Two issues dominate discussion
about the Information Society: how to develop a globally competitive
workforce, and how to ensure 'have nots' aren't excluded. We can have
both if we use IT for lifelong learning, says Chris Yapp, Managing
Consultant, ICL Lifelong Learning. He wrote this article in 1997.
Only a generation ago, a single set of skills acquired by the age of
thirty or so would have carried most people through to
retirement.
Today we recognise the need to retrain people at all levels of the
workforce in order to maintain the globally competitiveness of our
firms, and also enable individuals to cope with increases in
self-employment, part-time and casual working.
What this adds up to is a changing lifestyle for individuals, away
from a job for life to a search for lifetime employability. But is
the 'Lifelong learning for all' which we need merely a slogan, or
could we actually achieve it? Furthermore, is it actually desirable
and affordable ?
Lifelong learning for all implies a number of issues that need to be
addressed:
It is here that the technologies of
the so-called information superhighway come into the picture. We
cannot afford to retrain the whole workforce maybe three or four
times through adult life using current models. The promise of the
technology is the ability to re-engineer existing expenditure to
deliver more effective education and training.
But this leads us to a 'cultural' problem in the UK. Surely, IT is
for white male anorak nerds of 25 and under? If you're over 40 you're
effectively brain dead and will never adjust.
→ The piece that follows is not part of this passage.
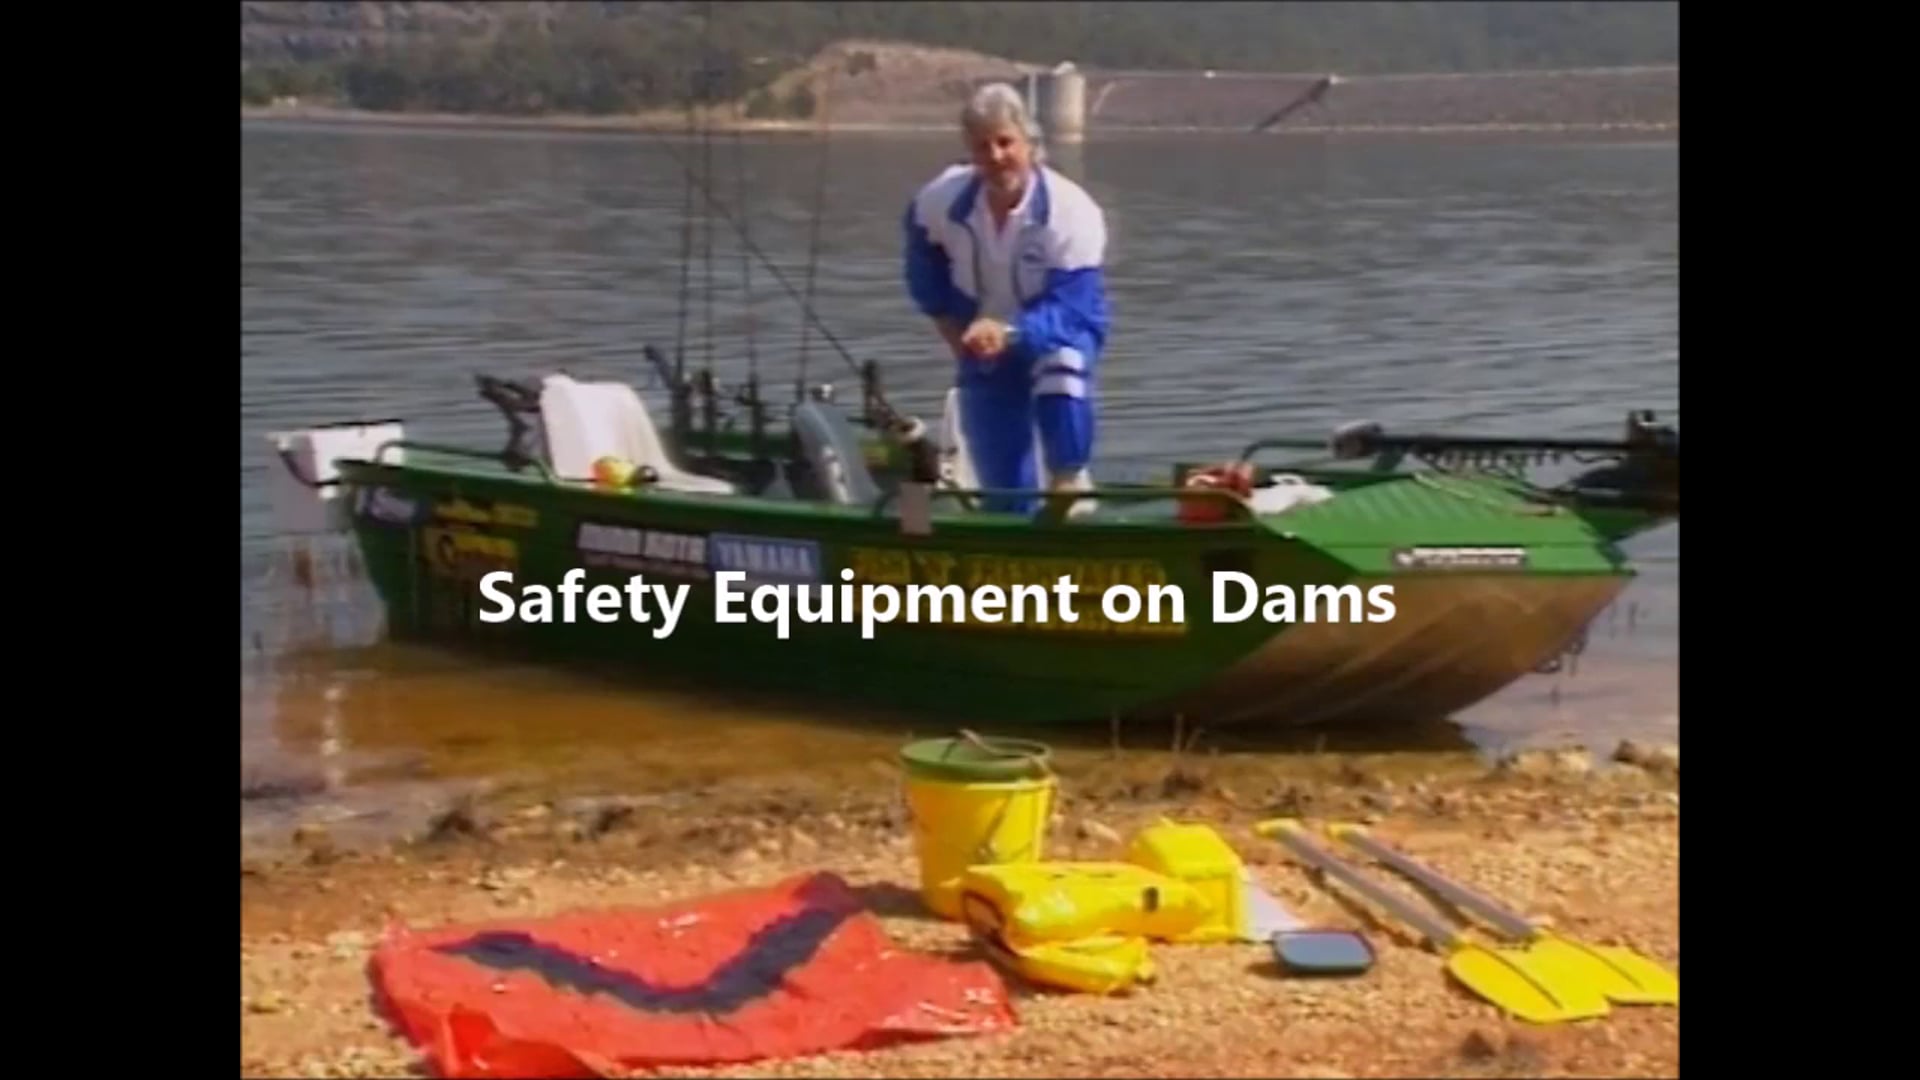 Safety Equipment on Dams
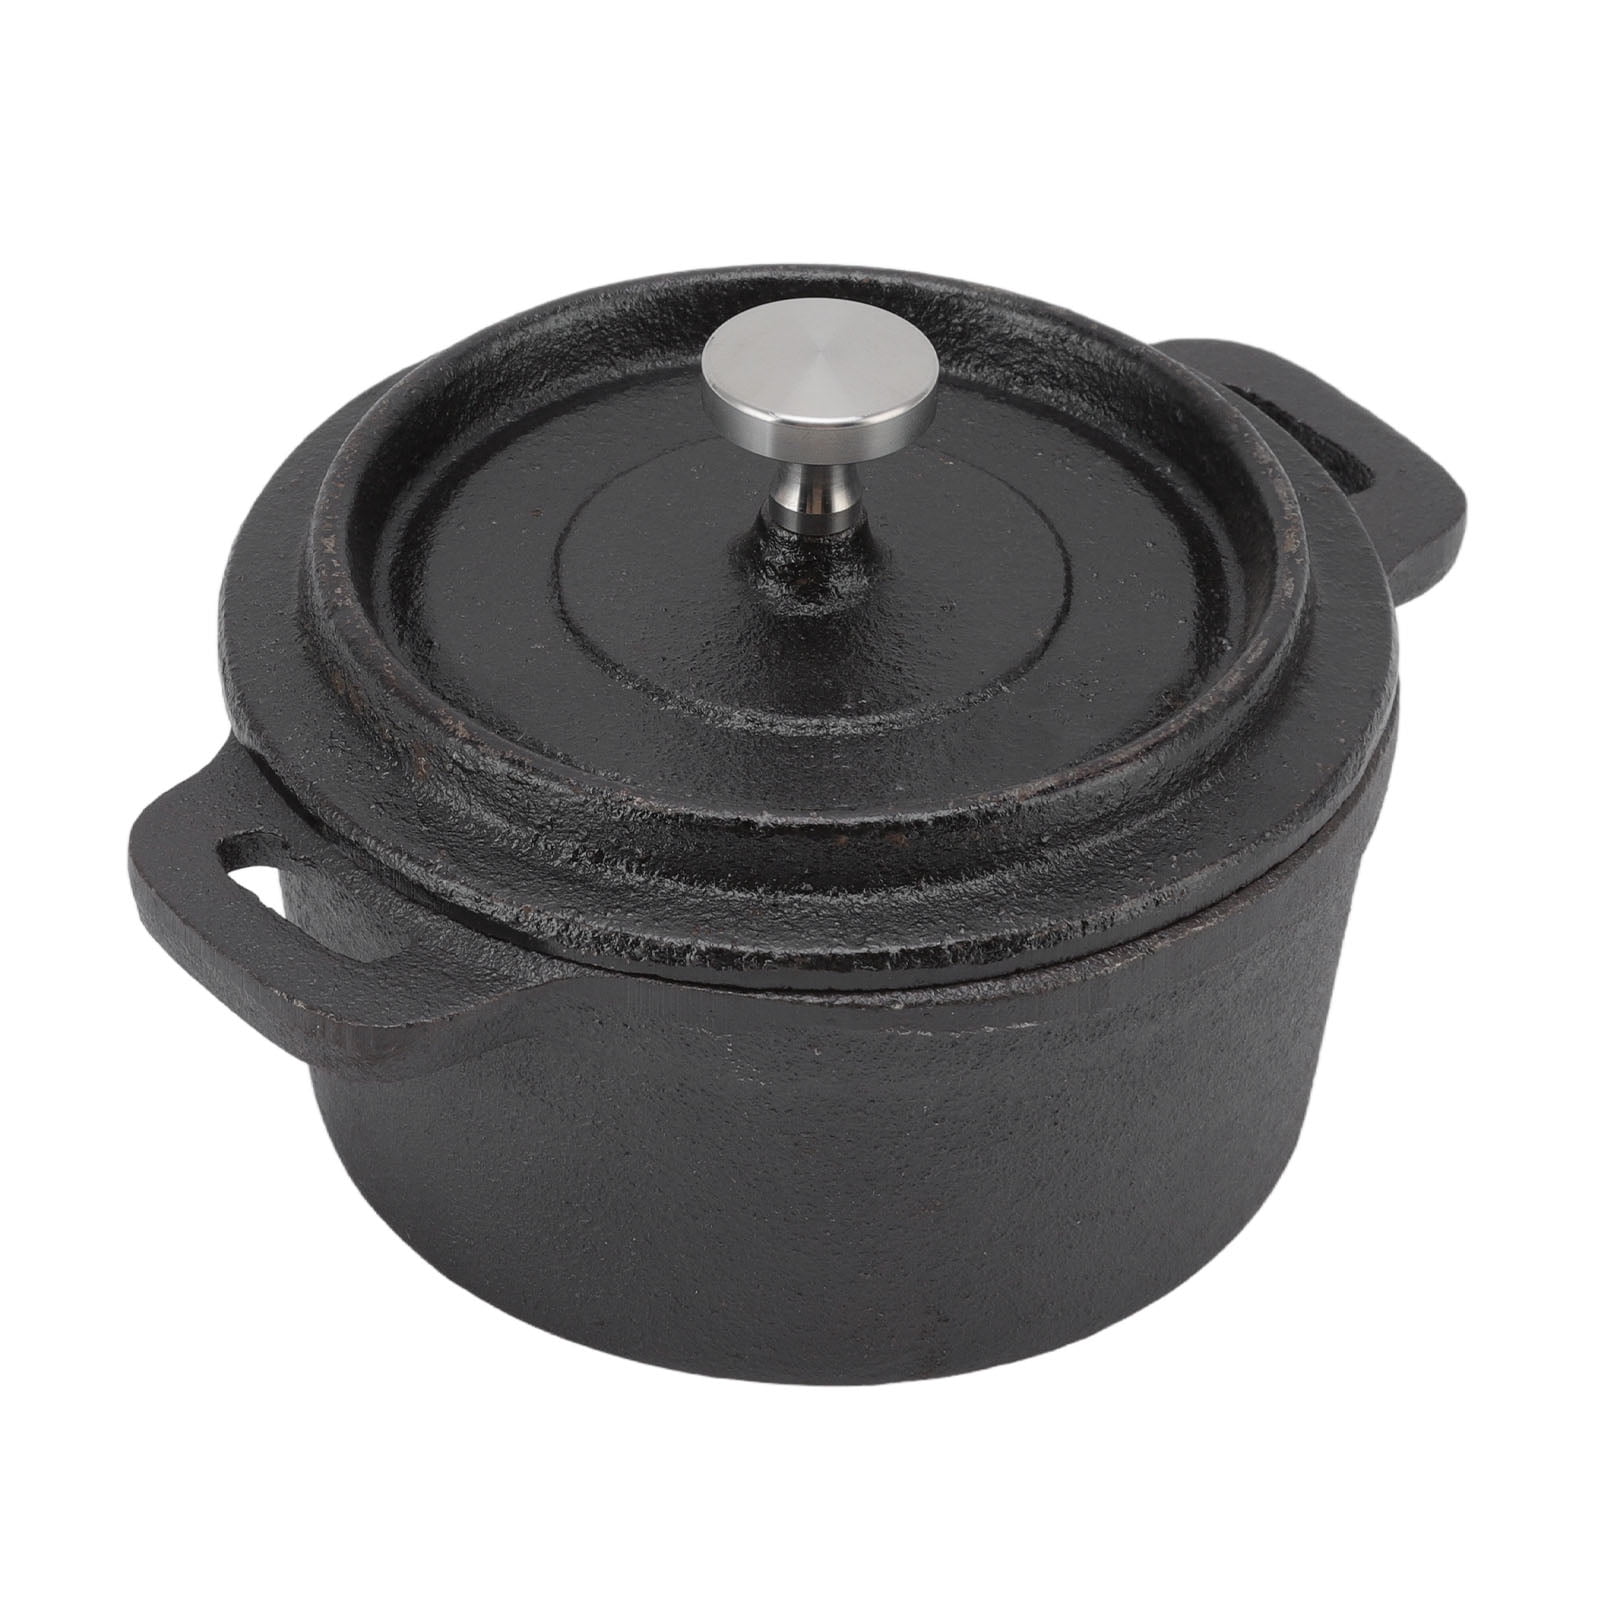 Octpeak Pot Accessories,19.5cm Dutch Oven Lid Lifter Cast Iron Dutch Oven Lid Lifter with Spiral Handle for Outdoor Camping Hiking,Lid Lifter for

If we take the last two
sentences seriously, then we will create a serious problem for all of
us.
Experience in South Bristol, and elsewhere, shows we do not have to
be so gloomy. We can avoid a society of information haves and have
nots and in the process provide people with the skills they need for
employability, and which UK PLC needs for internatational
competitiveness.
Over two years ago ICL started working with the South Bristol
Learning Network on the development of Cyberskills. Over that time we
have trained people from 17 to 84 in a variety of technologies
including CD-ROMs, the Internet/World Wide Web and Video
Conferencing. These people have covered all social and economic
classes, abilities and public, private and voluntary sectors. We now
have a dozen Cyberskills centres in the UK and our first US
export.
What is significant is that the materials for the sessions were
developed and delivered by previously unemployed people with no
experience of IT, some of whom were in their 50's. If sensitively
handled age, gender, and ability prove to be limited obstacles to the
use of new technologies. With school children, even where education
is 'uncool' it is OK to be good at sport and IT.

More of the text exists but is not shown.